Exceedingly red-eyed and grim, as
if he had been up all night at a party which had taken
anything but a convivial turn, Jerry Cruncher worried
his breakfast rather than ate it, growling over it
like any four-footed inmate of a menagerie.
Towards nine o’clock he smoothed his ruffled
aspect, and, presenting as respectable and business-like
an exterior as he could overlay his natural self with,
issued forth to the occupation of the day.
It could scarcely be called a trade,
in spite of his favourite description of himself as
“a honest tradesman.” His stock consisted
of a wooden stool, made out of a broken-backed chair
cut down, which stool, young Jerry, walking at his
father’s side, carried every morning to beneath
the banking-house window that was nearest Temple Bar:
where, with the addition of the first handful of straw
that could be gleaned from any passing vehicle to
keep the cold and wet from the odd-job-man’s
feet, it formed the encampment for the day. On
this post of his, Mr. Cruncher was as well known to
Fleet-street and the Temple, as the Bar itself,—and
was almost as in-looking.
Encamped at a quarter before nine,
in good time to touch his three-cornered hat to the
oldest of men as they passed in to Tellson’s,
Jerry took up his station on this windy March morning,
with young Jerry standing by him, when not engaged
in making forays through the Bar, to inflict bodily
and mental injuries of an acute description on passing
boys who were small enough for his amiable purpose.

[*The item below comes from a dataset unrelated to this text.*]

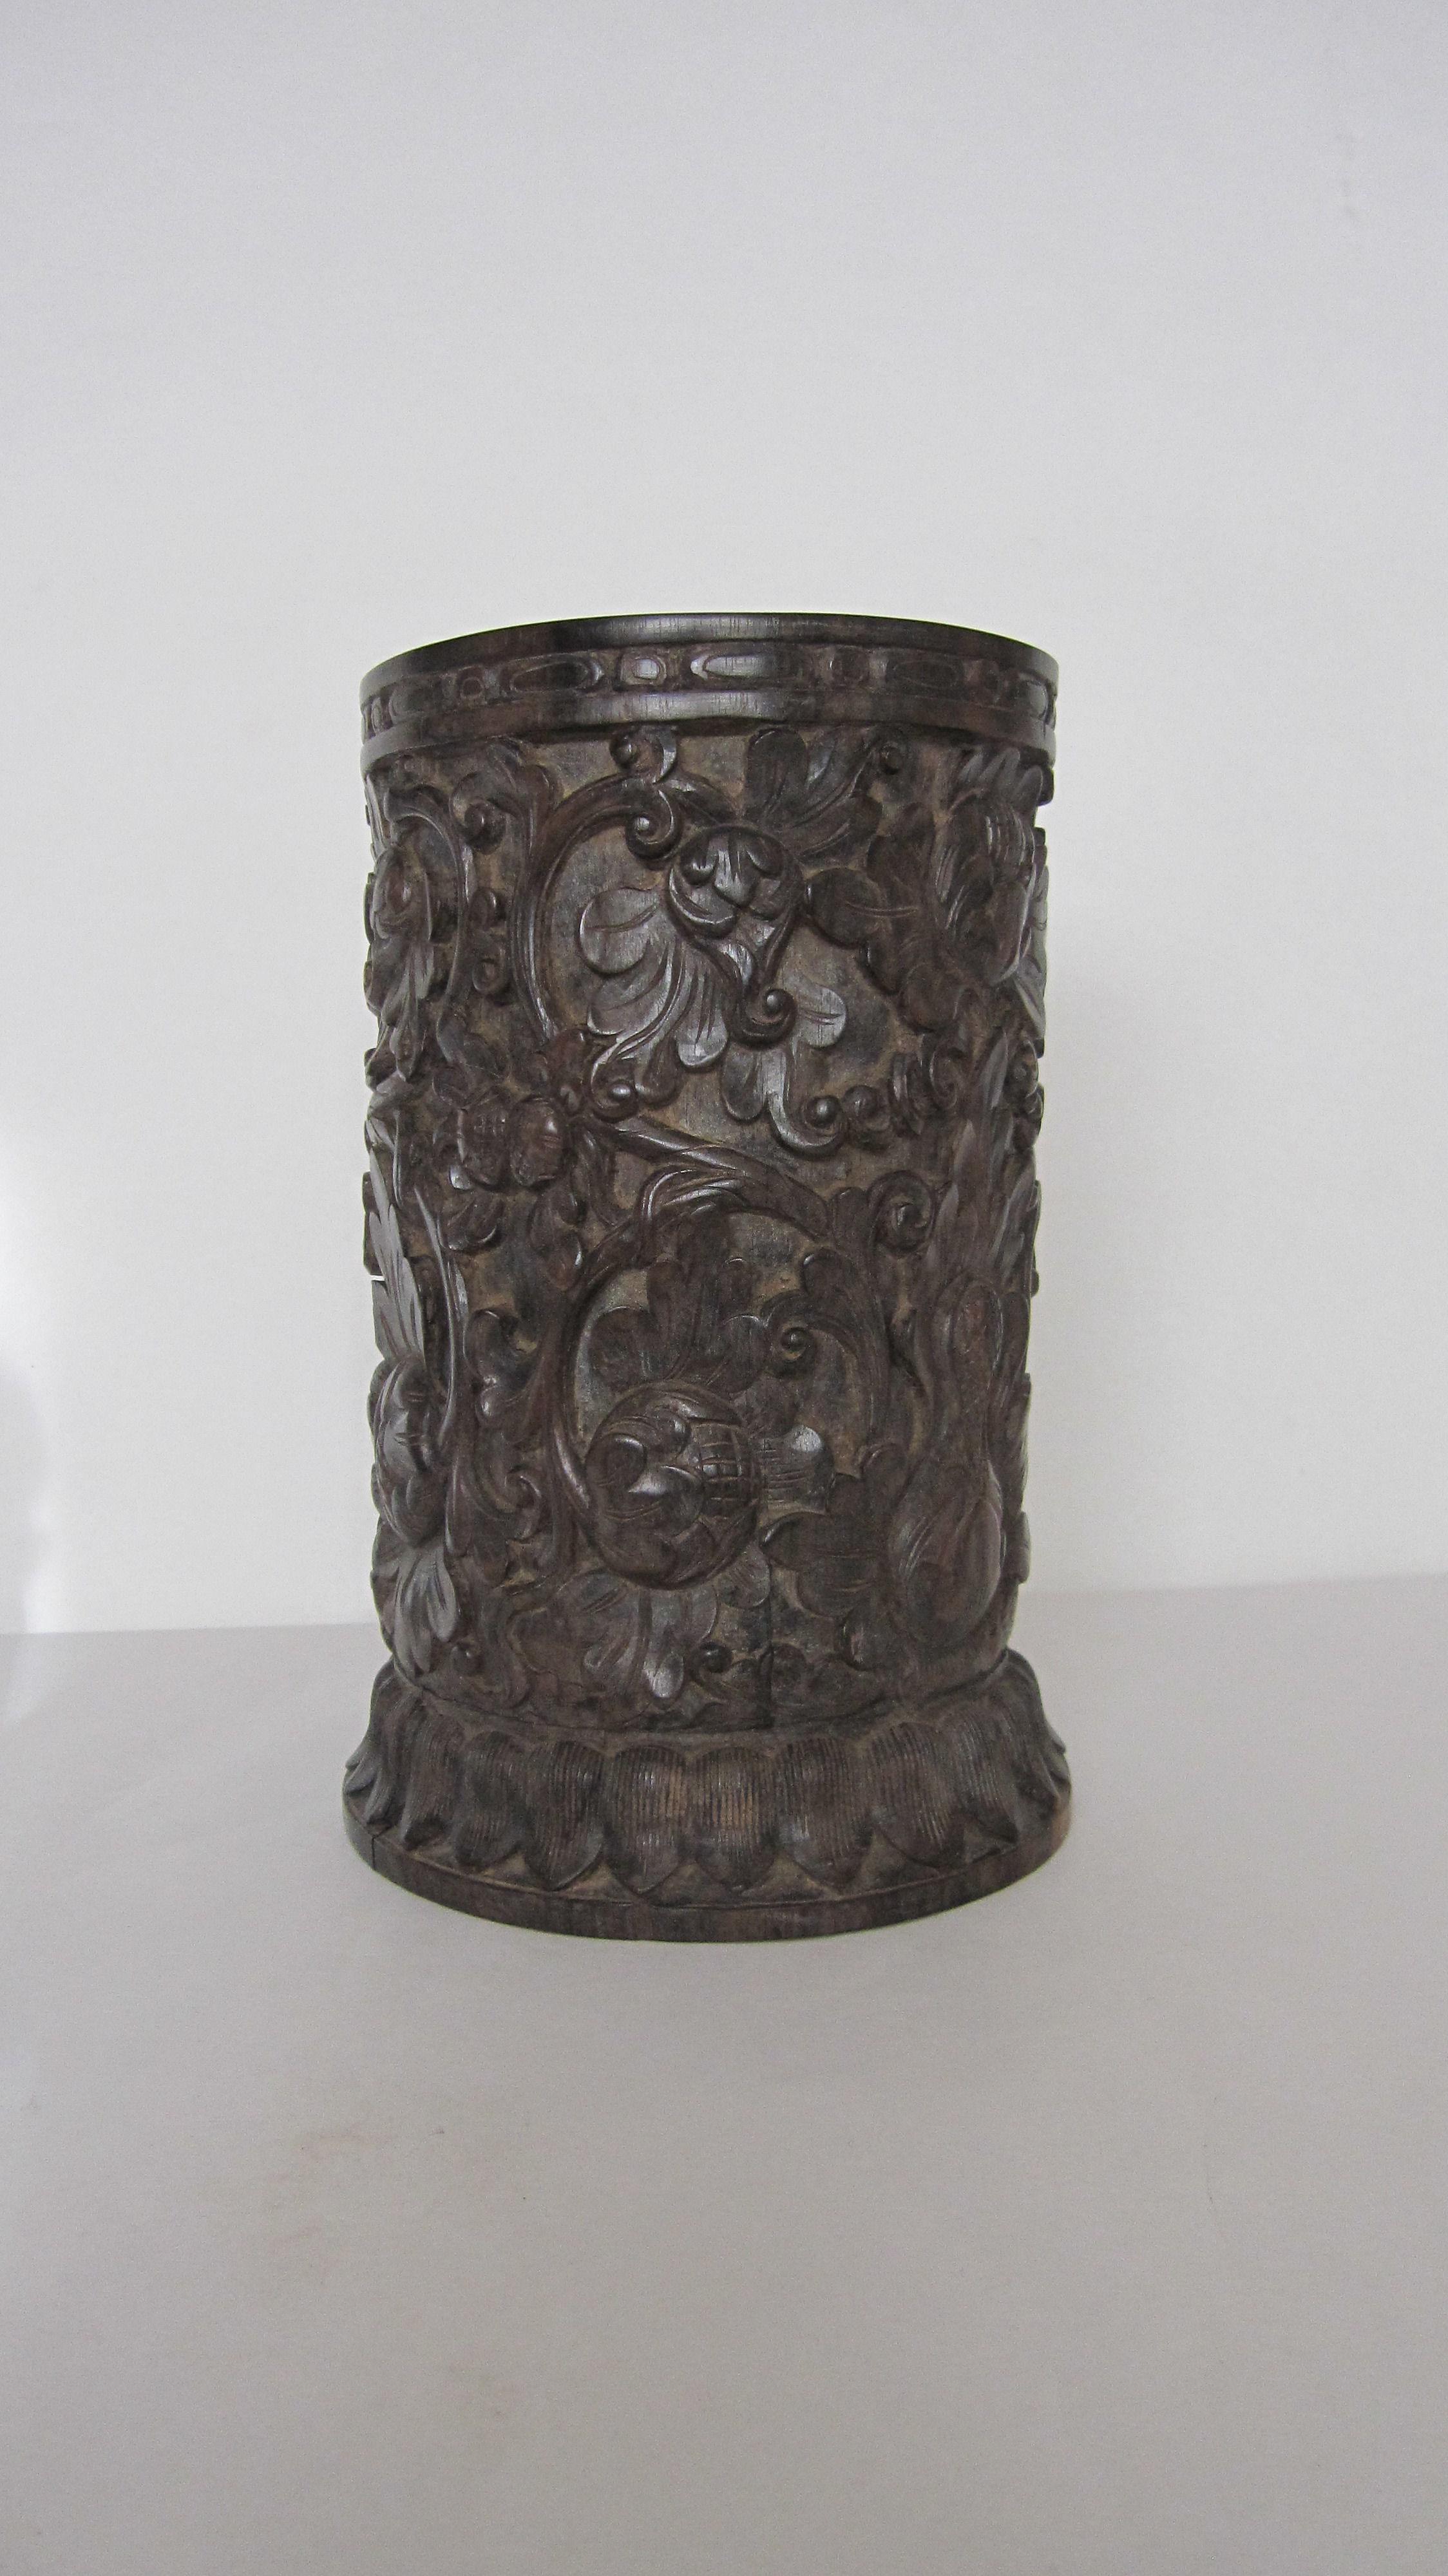 96.花瓶(黒檀材)            (幅15×奥行14.8×高さ22.3cm)

Father and son, extremely like each other, looking
silently on at the morning traffic in Fleet-street,
with their two heads as near to one another as the
two eyes of each were, bore a considerable resemblance
to a pair of monkeys. The resemblance was not
lessened by the accidental circumstance, that the
mature Jerry bit and spat out straw, while the twinkling
eyes of the youthful Jerry were as restlessly watchful
of him as of everything else in Fleet-street.
The head of one of the regular indoor
messengers attached to Tellson’s establishment
was put through the door, and the word was given:
“Porter wanted!”
“Hooray, father! Here’s an early
job to begin with!”
Having thus given his parent God speed,
young Jerry seated himself on the stool, entered on
his reversionary interest in the straw his father
had been chewing, and cogitated.
“Al-ways rusty! His fingers
is al-ways rusty!” muttered young Jerry.
“Where does my father get all that iron rust
from? He don’t get no iron rust here!”